Measurement of SMI is only quantitative and does not take into account the quality of the muscle. Edema could overrate SMI measurements. We did not evidence any impact of edema on the SMI though, but the number of patients with edema was very low in our series (8 out of 150). Skeletal muscle density (SMD) reflects muscular quality. Dolan et al showed that low SMI and myosteatosis (low SMD) were significantly associated with survival in colorectal patients undergoing surgery.39 Yet, they did not study muscle strength although it is noteworthy that sarcopenia is defined by a loss of strength and muscle mass.8, 9

Since SMI obtained with CT scan is the gold standard evaluating sarcopenia, but is burdened by its costs and ionizing radiation exposure.40, 41, 42 Alternate methods for measurement of muscle mass may be used including as dual energy X‐ray or tetrapolar bioelectrical impedance analysis.33, 43

Several studies have examined the relationship between evaluation of the different components of the diagnosis of sarcopenia diagnosis,33, 44, 45, 46, 47, 48, 49, 50 yet the relationship and chronology between muscle strength and muscle mass is still poorly known. The analysis of this chronology was not planned to be included in the FIGHTDIGO study because CT examinations were not performed in a systematic way. The time interval between the CT scans were indeed very variable and only 18 patients had 4 CT scans (maximum number of performed CT examination). Moreover, the patients were included at different time points during their follow‐up and were likely to have received several cycles and lines of chemotherapy before the measurements. Muscle mass loss appeared to be far more frequent (80%) than dynapenia (30%) and sarcopenia (20%). Loss of skeletal muscle mass could therefore precede that of muscle strength.
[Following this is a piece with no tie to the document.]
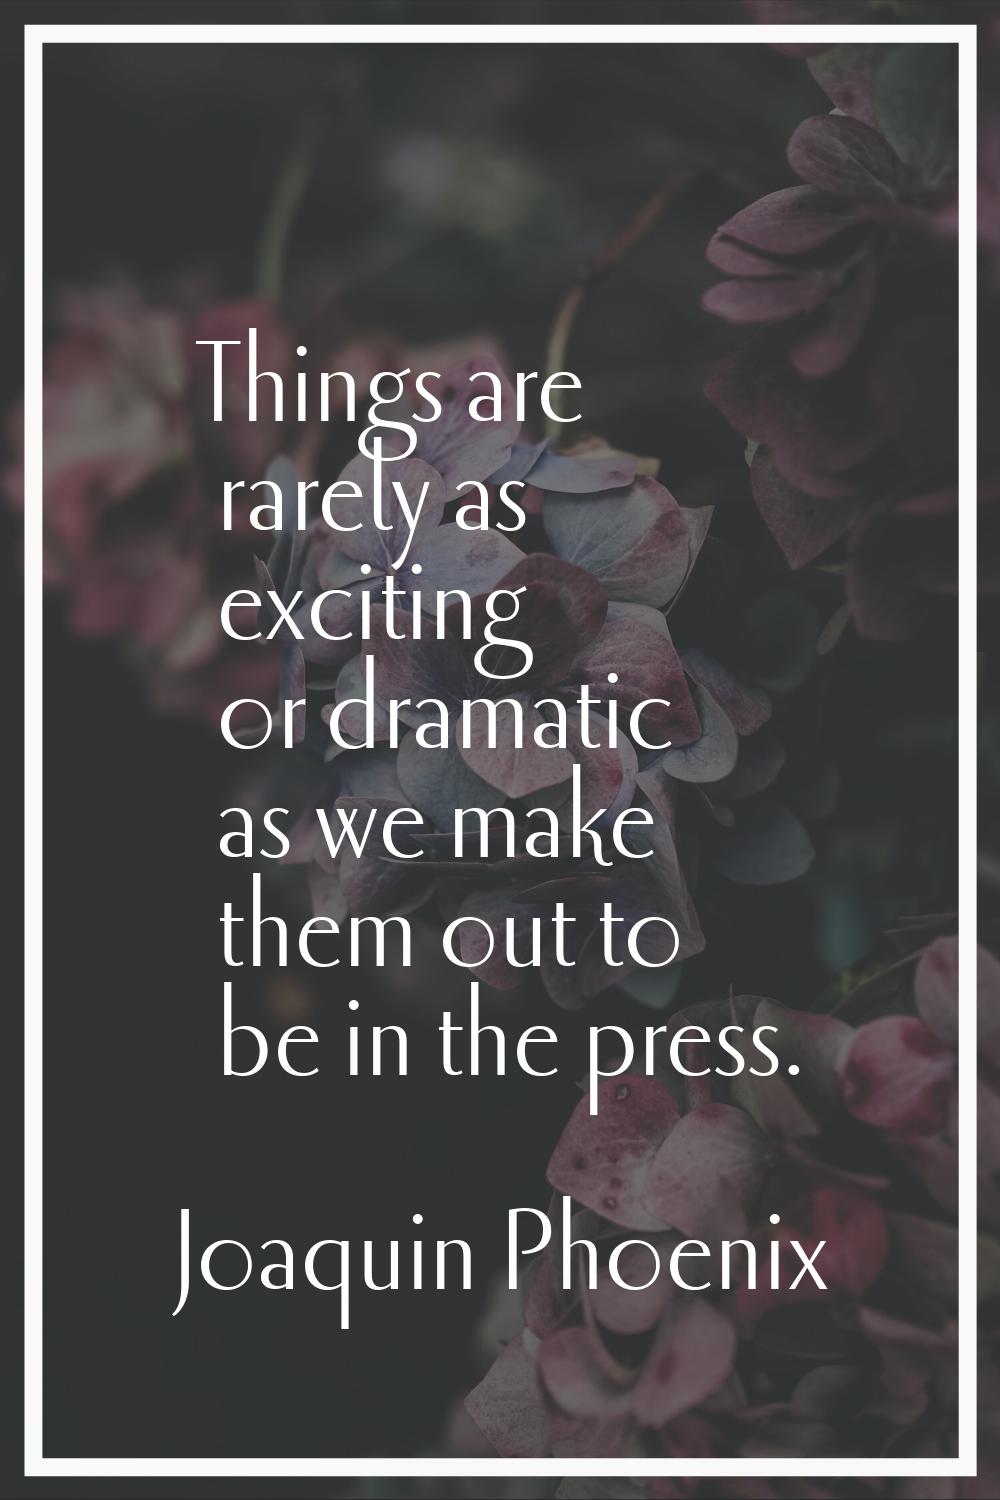 Things are rarely as exciting or dramatic as we make them out to be in the press.

Limitations of this study were the heterogeneity of the population, the sub‐group analysis, and the small number of chemo‐naïve patients undergoing CT follow‐up.

In conclusion, correlation between measurements of HGS and SMI was strong but the concordance between dynapenia and muscle mass loss according to consensual classification was poor. It was very interesting how an easily measurable clinical tool like HGS correlated well with SMI. Muscle mass loss could precede dynapenia. Further studies should be performed so as to confirm diagnostic threshold values of the different modalities and to study the chronology of dynapenia and of muscle mass loss.